Once someone leaves a non-compliant plan, they lose their grandfather status and can’t return to it.  So the responsible crowd of early adopters who were following the letter of the statute are once again going to find themselves out of luck.  Responsibility and early adoption are very dangerous under the President's health law.

Here are three other elements of the President's latest changes:
  • Insurer Access to More Taxpayer Dollars: The government is lowering the threshold at which insurers get taxpayer dollars for operating Obamacare Exchange plans.  They have now decreased the reinsurance attachment point from $60,000 to $45,000 for a single large claim in the 2014 benefit year.  This is widely believed to be the olive branch the government is offering to Exchange insurers because every person who operates outside of the Exchange (which this latest change makes easier to do) increases the likelihood that insurers will lose more money in those Exchanges.  Response: lower taxpayer thresholds to send checks to insurers.  
  • A Kickback to Unions: March 5th's new announcements also gave a financial slap on the back to the types of self-insured health plans run by most unions, excluding them for two years from the $63-per-person reinsurance tax assessed for each plan enrollee.  Now excluded from the obligation to make reinsurance contributions for 2015 and 2016 are certain self-insured, self-administered group health plans.
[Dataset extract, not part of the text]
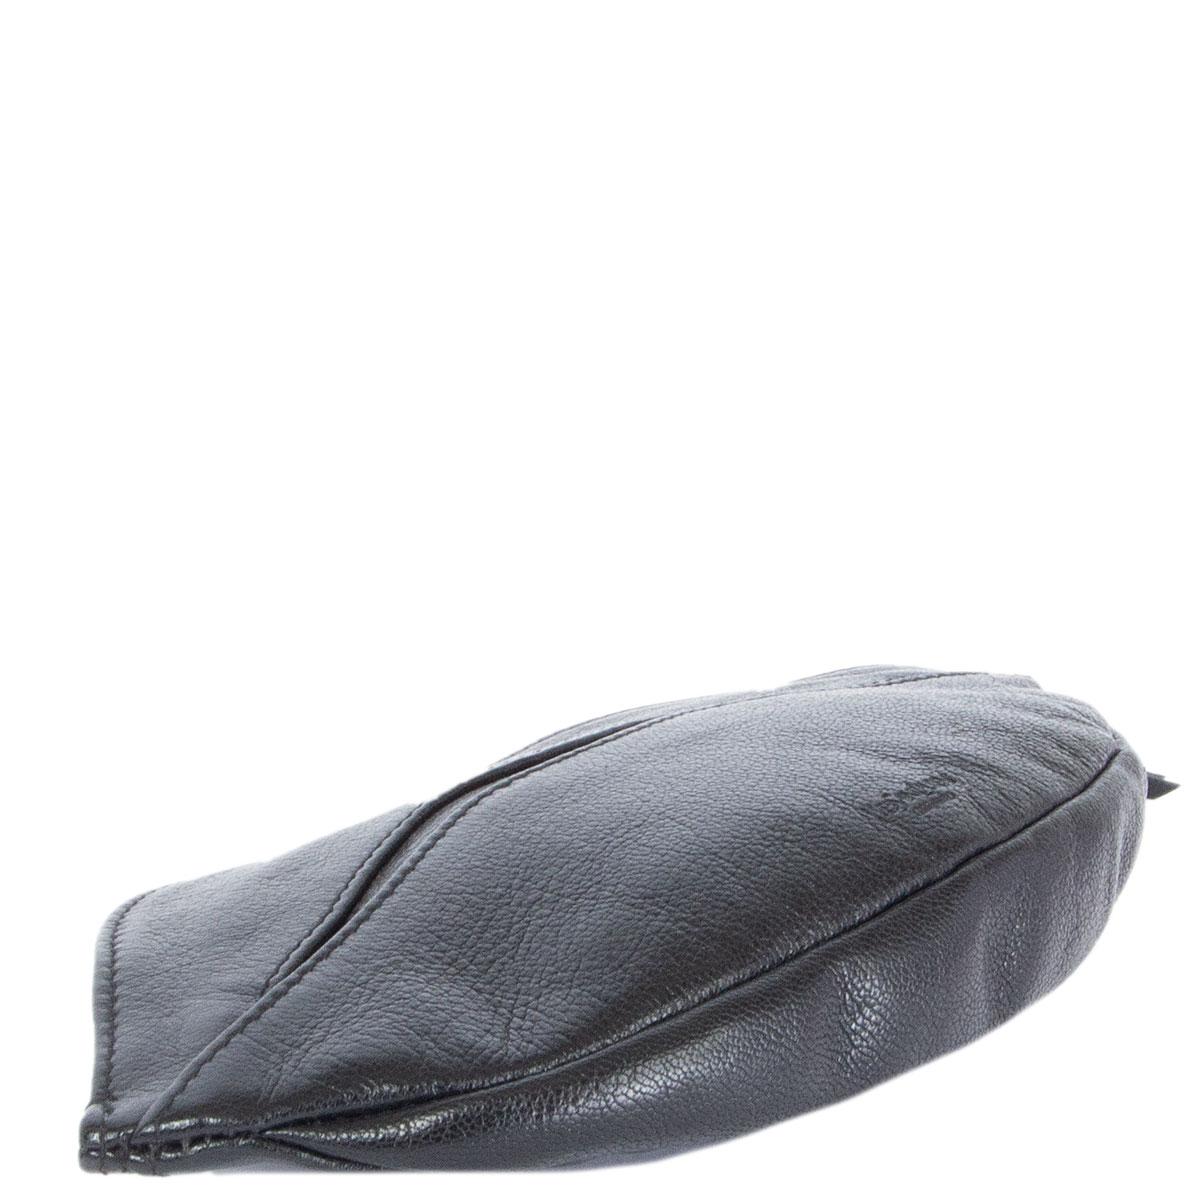 Black YVES SAINT LAURENT black leather DALI LIP ZIP POUCH Clutch Bag

The caveat of self administration is what makes this a benefit almost entirely to large unions. 
  • Price Controls on Dental Insurance: Additionally, the Administration established that a stand-alone dental plan covering the pediatric dental essential health benefit (EHB) required under 45 CFR 155.1065 in any Obamacare Exchange must meet governmental price controls.  Cost sharing may not exceed $350 for one covered child and $700 for two or more covered children.  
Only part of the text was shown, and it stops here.